Four major studies into the long-term impact of coronavirus will be boosted by £18.5 million of Government funding as researchers attempt to dig into the causes and potential treatments for the “debilitating” symptoms some are left with long after infection.
Approximately one in 10 people in the UK who have been infected by the coronavirus continue to experience symptoms such as breathlessness, fatigue and “brain fog” many months after contracting the disease.
Health Secretary Matt Hancock said: “I am acutely aware of the lasting and debilitating impact long COVID can have on people of all ages, irrespective of the extent of the initial symptoms.
“Fatigue, headaches and breathlessness can affect people for months after their COVID-19 infection regardless of whether they required hospital admission initially.
“In order to effectively help these individuals we need to better understand long COVID and identify therapeutics that can help recovery. This funding will kickstart four ambitious projects to do just that.”
Of the four beneficiaries, Imperial College London will investigate what causes persistent symptoms – potentially indicating possible treatments – by looking at the common factors in the thousands of volunteers who have taken part in its React study.
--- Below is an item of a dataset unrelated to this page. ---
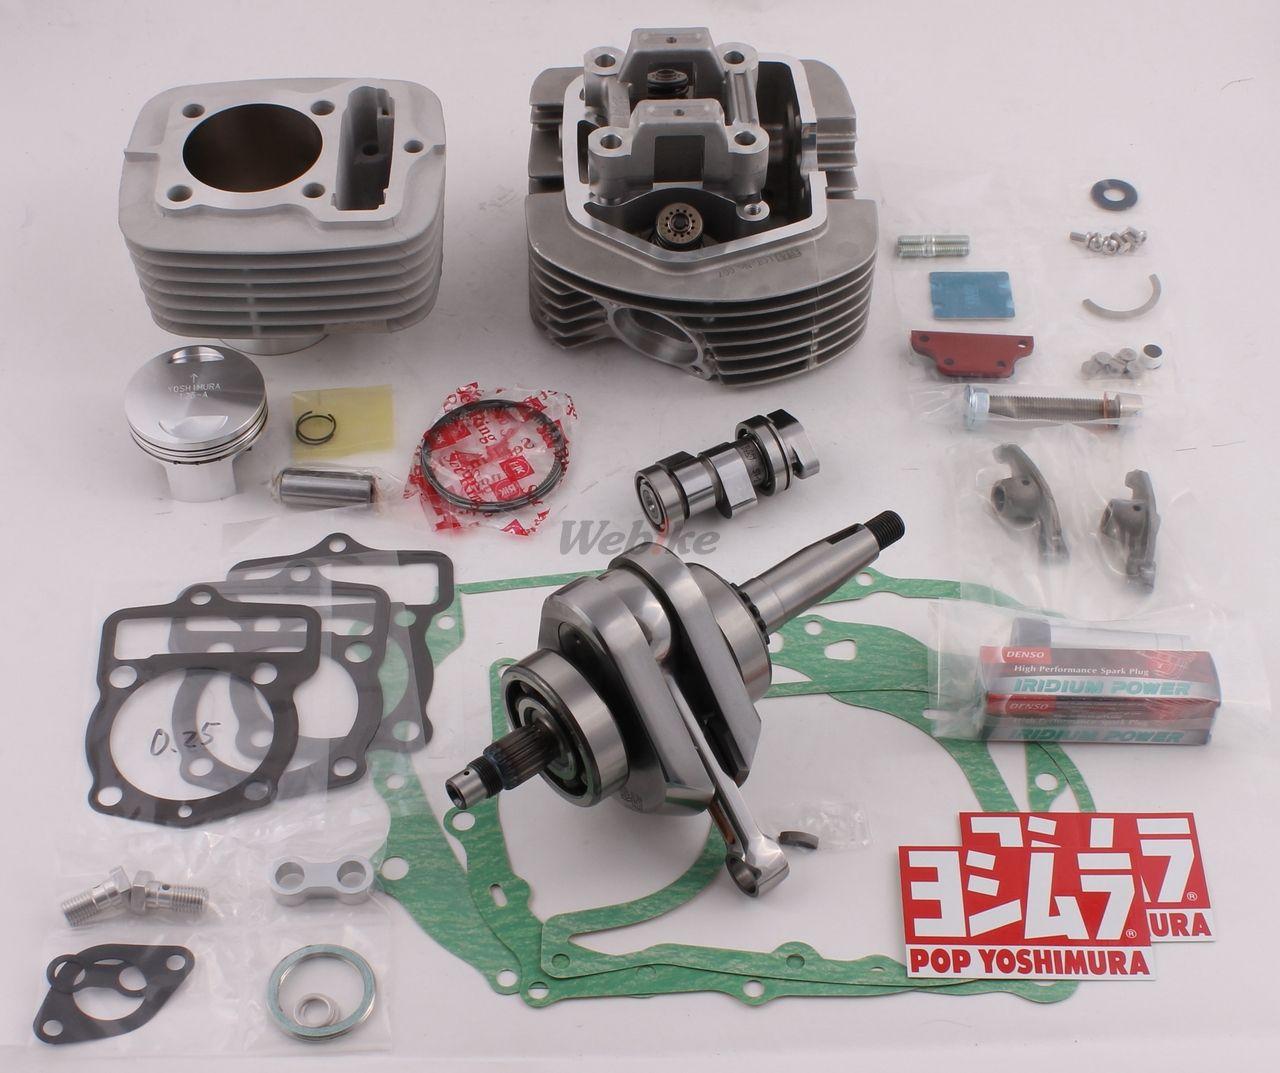 【YOSHIMURA】YOSHIMURA Head 125cc Type-R 改裝套件 - 「Webike-摩托百貨」

Data from more than 60,000 people will help define long Covid, improve diagnoses and understand why some people develop the condition in a study from University College London.
Its child health institute at Great Ormond Street will also research the condition in children.
Meanwhile Birmingham University will look at therapies for particular symptoms of long Covid.
Chief Medical Officer for England and Head of the NIHR, Professor Chris Whitty said: “Good research is absolutely pivotal in understanding, diagnosing and then treating any illness, to ease symptoms and ultimately improve lives.
“This research, jointly funded through the NIHR and UKRI, will increase our knowledge of how and why the virus causes some people to suffer long term effects following a COVID-19 infection – and will be an important tool in developing more effective treatments for patients.”